You're not pinnochio. Lying isn't going to make it bigger.
I know this may seem inappropriate, but are you gonna bring any blow to the wedding?
after we had sex he went grocery shopping. at 6 am. i've never been more confused in my life
He's currently rapping every word to 'more money more problems' at what could be a over 30s gay bar. I'm not sure yet. More info to come.
do you find it slutty that the last person I had sex with is also the person who sings my ringtone ?

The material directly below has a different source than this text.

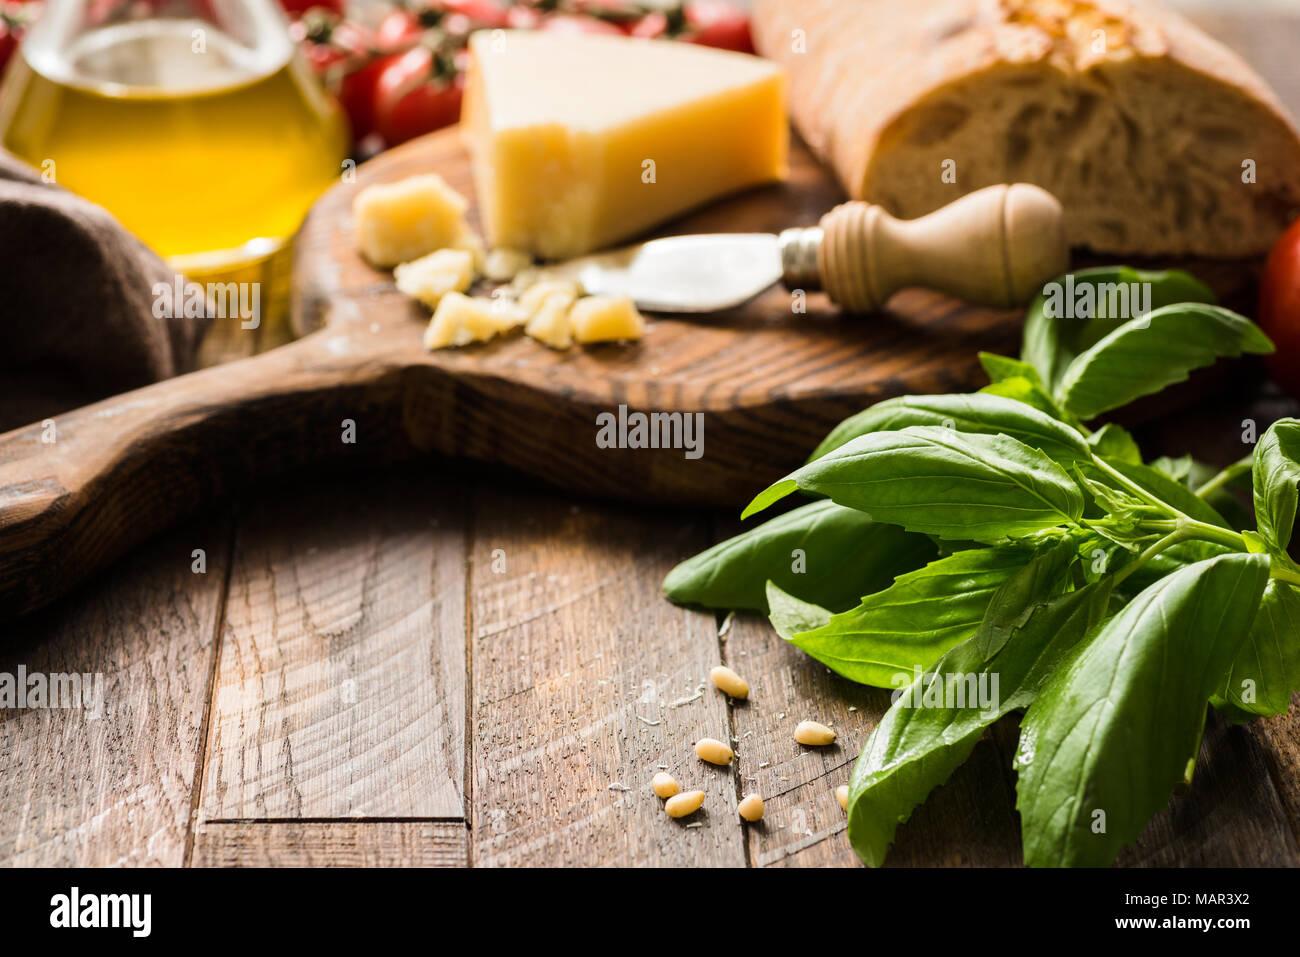 Italienisches Essen Hintergrund mit Parmesan, Olivenöl, Ciabatta und Basilikum auf rustikalen, mit Holz. Kopieren Sie Platz für Text, selektiver Fokus Stockbild

Thanks for your number, i want to ski with you, do party with you and sleep with you. Lucas.
So it's always a good weekend when you don't get any sleep, try opening a bottle of wine on rocks, and end up needing a tetanus booster for our stupidity... Same thing next weekend?
idk, it started getting weird when they were looking up videos of lesbian giraffes
In case you wake up wondering why your eyes hurt... You were claiming to be Zeus and that mortal weapons couldn't harm you. Some chick took it as a challenge and pepper sprayed you. Sorry dude.
I have a fantastic sense of humor but being called a merman isn't funny
Would it be wildly inappropriate for me to tailgate a Jonas brothers concert?
literally just tried sending to someone a video of me jerkin but my phone was connected to Apple TV and it literally just played on the tv in a full room and I'm actually about to shit myself
i liked you for your lack of ambition and abundance of weed
You have all semester to unpack your car, quarter jello shots only last until 10.
It was really strange. I feel like I had sex with a synchronized swimmer.